Illegal access to data a serious threat to Africa

Cyber attacks on businesses in three key technology hubs – Kenya, South Africa and Zambia, have increased by 76%. 

This is according to research released yesterday by cloud and security services provider Liquid C2.

The Cassava Group company warned that illegal access to data remains the biggest cyber security threat to businesses in Africa as it shared the findings of its latest cyber security report ‘The Evolving Cyber Security Landscape in Africa in 2022’.

Kenyan businesses reported an 82% increase in cyber attacks, while South African and Zambian businesses recorded a 62% increase.

According to the report, the top method of attack used by cyber criminals was through e-mail, using phishing or spam attacks (61%), with attacks through compromised passwords (48%) and data breaches (44%) being the second and third most common.

Companies participating in the research said most  breaches (61%) occurred as a result of remote or hybrid working.

Liquid’s report states that businesses have expressed confidence in their security mitigation processes and investments, but also concern over email a-ttacks, data breaches and malware.

An excerpt from the report reads: “… on the one hand, companies know that the threats have become more sophisticated and capable, but on the other, they believe they’ve done enough to protect against them.

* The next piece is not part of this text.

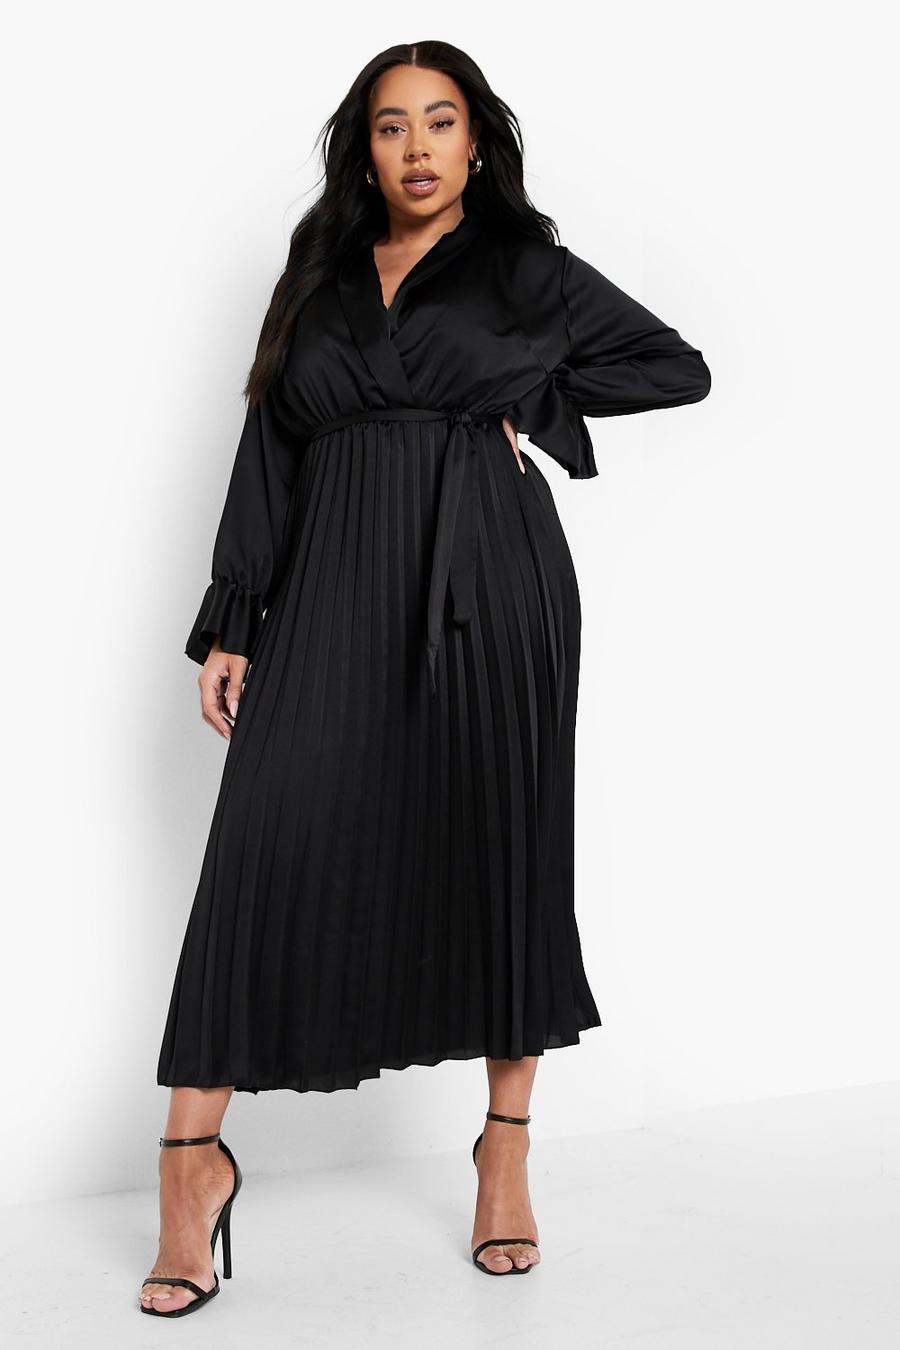 שחור nero שמלת מידקסי סאטן עם קפלים, מידות גדולות
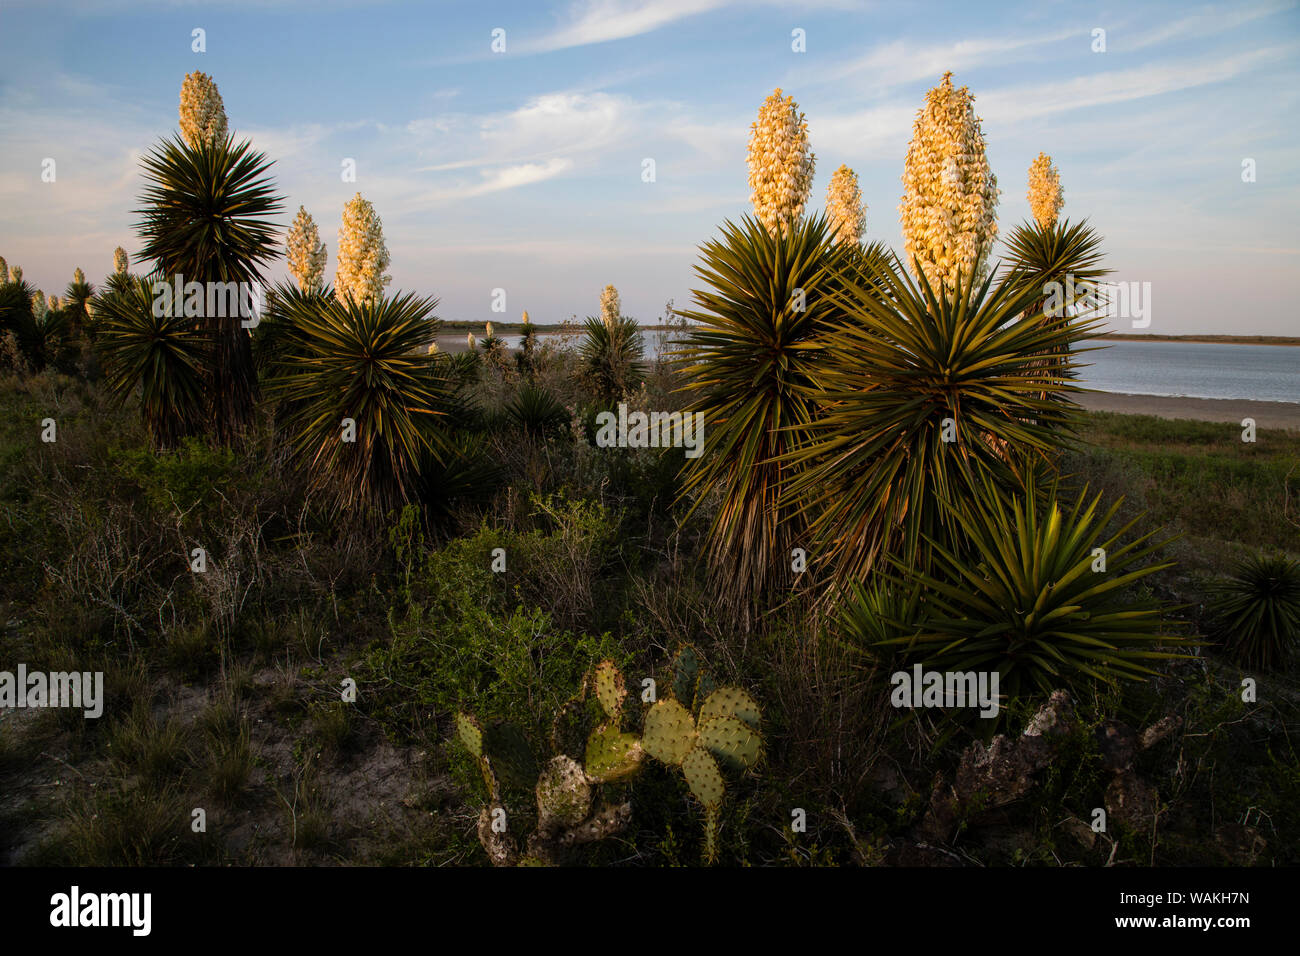 Pugnale spagnolo (Yucca treculeana) in fiore. Foto Stock

The reason for this conflict is that they feel they have done more to support security than in the past but are aware that there remain threats that they should be concerned about that may yet result in significant business impact in the future."

David Behr, CEO of Liquid C2, says, “The biggest concern emerging from this report is that companies are saying that they've put a lot more cyber security controls in place. With threats evolving faster than security systems, companies cannot afford to get complacent. The report highlights that businesses must be consistently vigilant about the ever-evolving cyber crime landscape and the methods malicious actors use to breach cyber security measures. As the report shows, complacency is a luxury no one can afford."

Richard Muthua, executive head, cloud and cyber security at Liquid Kenya, says 72% of respondents are concerned about hacking and unauthorised access to their organisation’s information systems and assets. Access to, and control of, data residing in the cloud and the requisite visibility, as well as exposure to risk because of the hybrid working model, are dominant issues.

Shuko Chunga, country executive head, Liquid Zambia, says 93% of Zambian business identified e-mail attacks like phishing and spam as the biggest cyber security threats.

Chunga adds that in the emerging cyber security market, the demand for skills remains high and there is limited supply.

The research also pointed out the challenge of compliance with regulation as many businesses struggle to align their security positions with regulatory demands.

Behr adds, "The research highlights that over half of all large enterprises in the three countries were victims of a successful cyberattack, with 90% of them being Kenyan businesses. Increasingly sophisticated methods like Cybercrime-as-a-Service (CaaS) are becoming more popular in Africa, meaning businesses can no longer rely on outdated technologies and processes.”

Liquid executives believe there will be an increase in spend on cyber security within the markets covered in the report.